October 5, 2024

As the Knicks survey their possible trade-deadline additions, they surely are projecting how each target could fit onto the team.

Fitting in is a strong suit of Bruce Brown’s, according to a few of his former teammates.

“I think he can fit any team,” Nuggets guard Christian Braun said Thursday before the Knicks’ 122-84 blowout win at the Garden.

“Coach [Michael Malone] called him the Swiss Army knife — I think that’s spot-on,” star Nuggets guard Jamal Murray said. “He can bring it up. He can get to the rim. He can shoot it enough. He can defend their best player.
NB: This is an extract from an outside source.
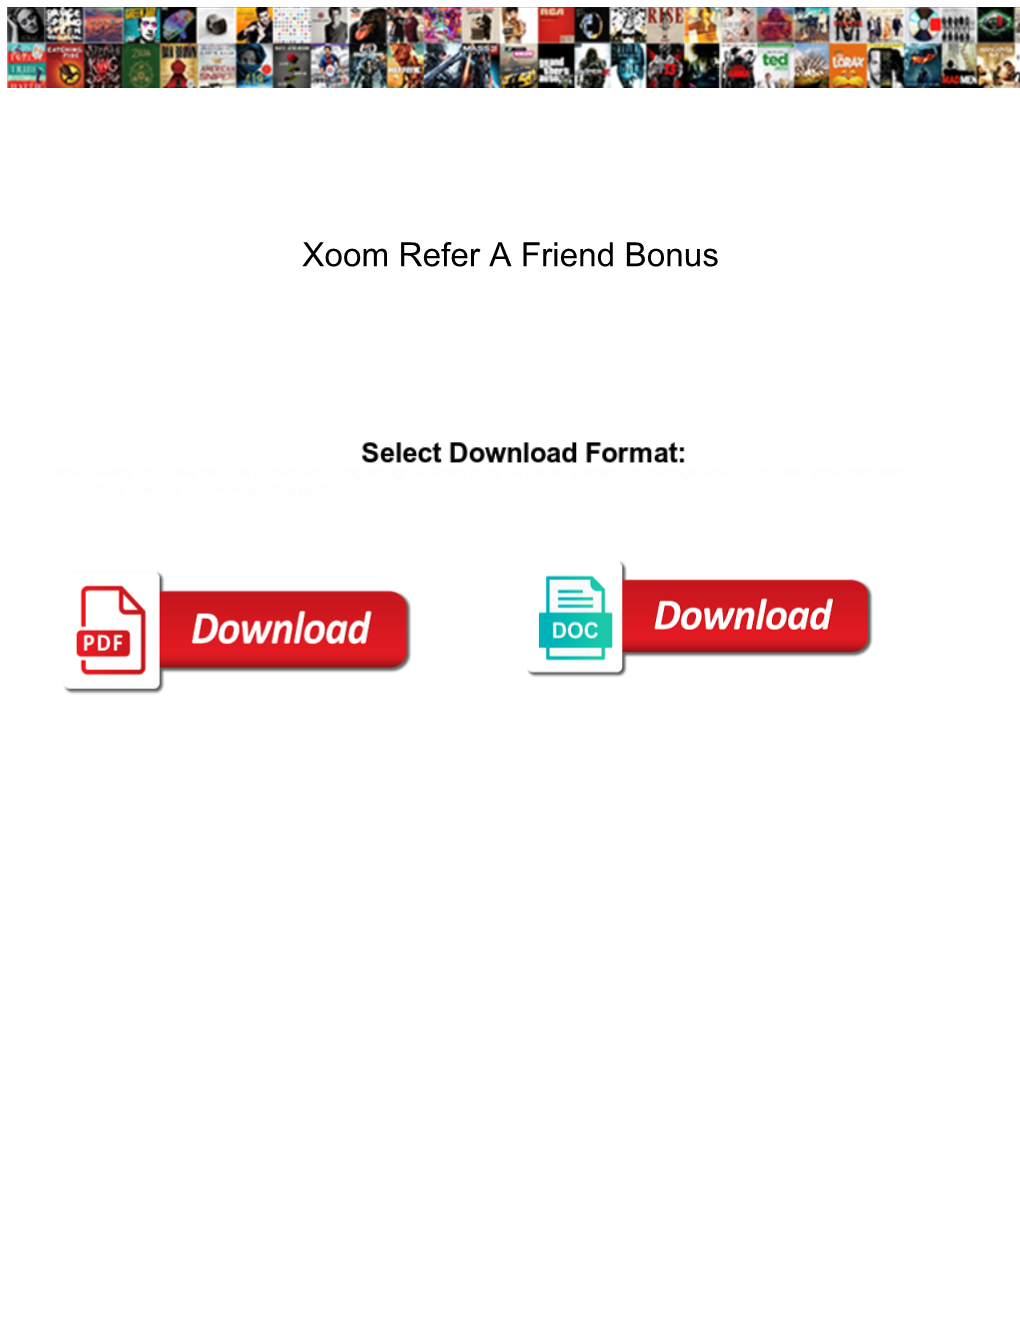 Xoom Refer a Friend Bonus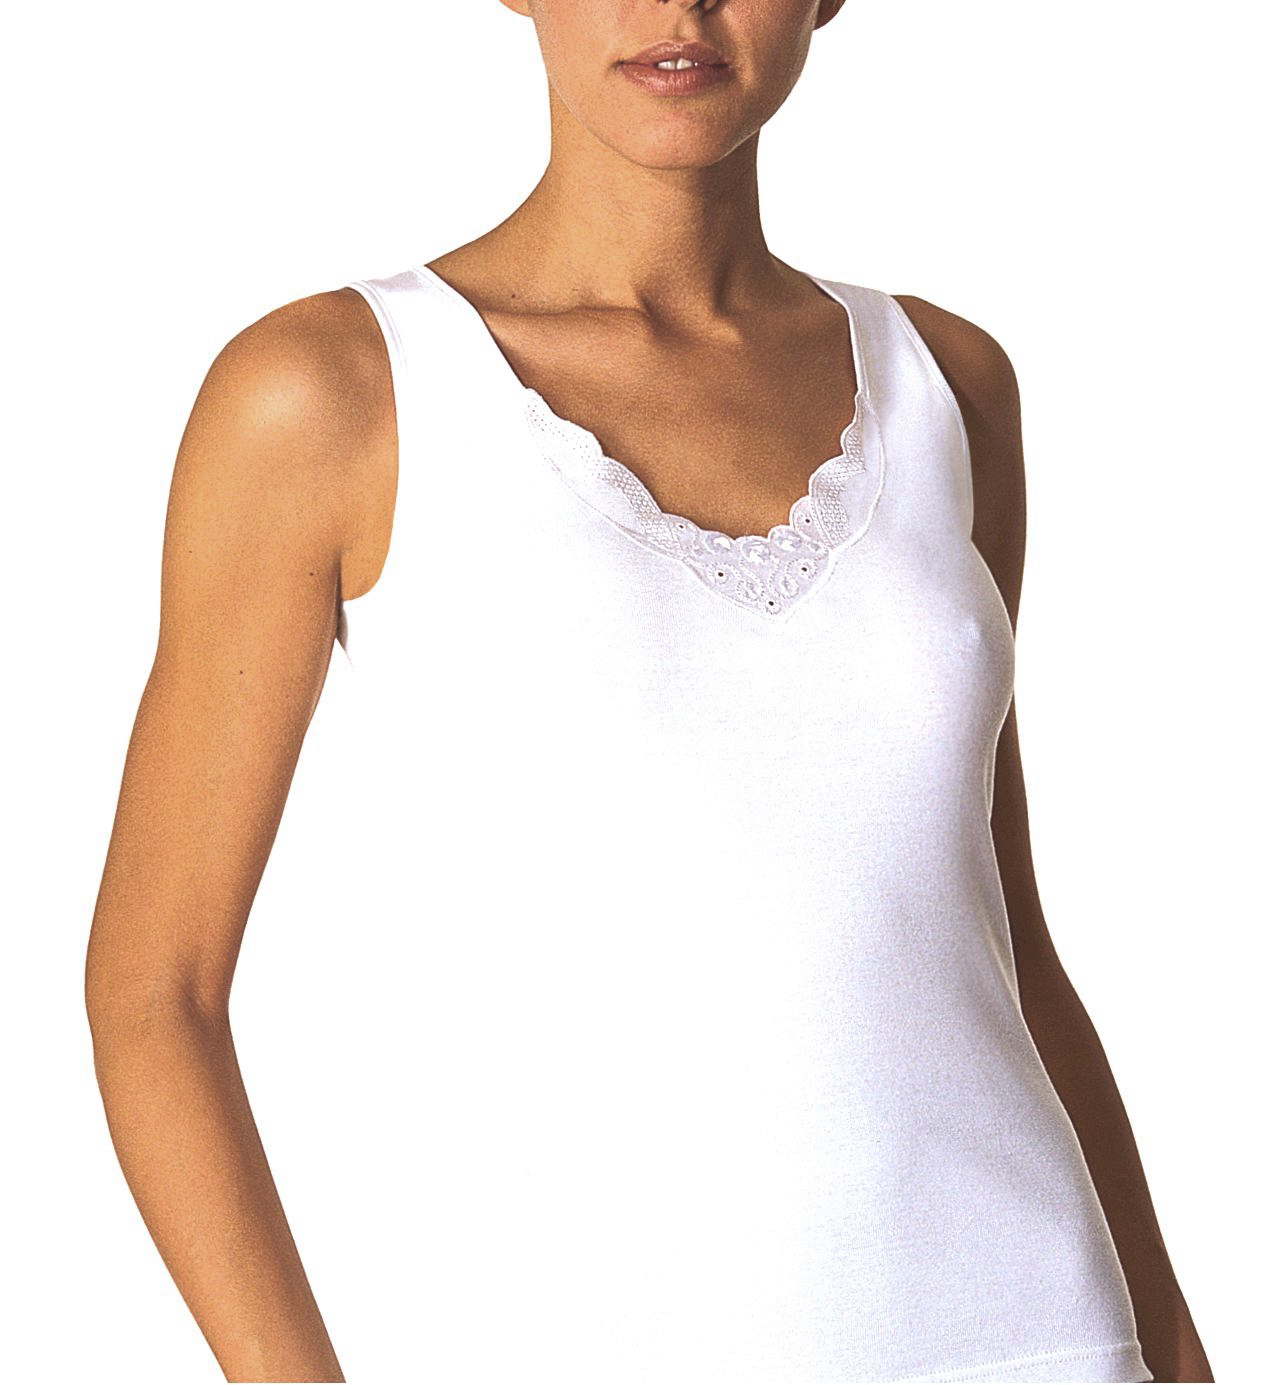 AVET 7505 ✓ Camiseta interior mujer bordado

Run in transition.

“Put him where you [need] him kind of guy.”

Such is the scouting report for Brown, an undersized but overly active, do-everything guard/forward.

The former Nugget and Net has been linked the Knicks in trade talks — talks that he is embracing, nearly campaigning to join coach Tom Thibodeau’s squad last week.

After winning the title last year with Denver — and performing well in the playoffs, including a 21-point explosion in the Game 4 win over the Heat — Brown left for the Pacers and a sizable, two-year, $45 million pact.

He played his gritty game about up to expectations for 33 games before being shipped to Toronto in the Pascal Siakam swap.

The Raptors, 12 games under .500, could offload a valuable player who is averaging 11.9 points on 48.1 percent shooting (32.4 percent from deep) and grabbing 4.6 rebounds with 2.9 assists per game.

Brown, a stout defender and energetic presence, should be in demand — and seems ready to again join a contender.

“I am a dog,” Brown told The Post’s Jared Schwartz on Saturday before a loss to the Knicks. “I play extremely hard on both ends of the floor. I can do just about whatever [Thibodeau] needs me to do.”

Brown said he had conversations with the Knicks before choosing the Pacers’ larger offer.

The Knicks surely have interest — Brown’s grimy game would very much align with Thibodeau’s desired game — though the fit might not be perfect.

Brown is more of a bulldog than a traditional point guard. The 27-year-old is just 6-foot-4, not a terrific ball-handler and not a 3-point assassin. The Knicks could use a second-unit ball-handler and scoring threat after including Immanuel Quickley in the OG Anunoby trade.

If not Brown, names such as the Trail Blazers’ Malcolm Brogdon, the Pistons’ Alec Burks or the Jazz’s Jordan Clarkson might make sense.

What Brown does bring is toughness, a rugged defender, great cutter and rebounder who plays bigger than his size.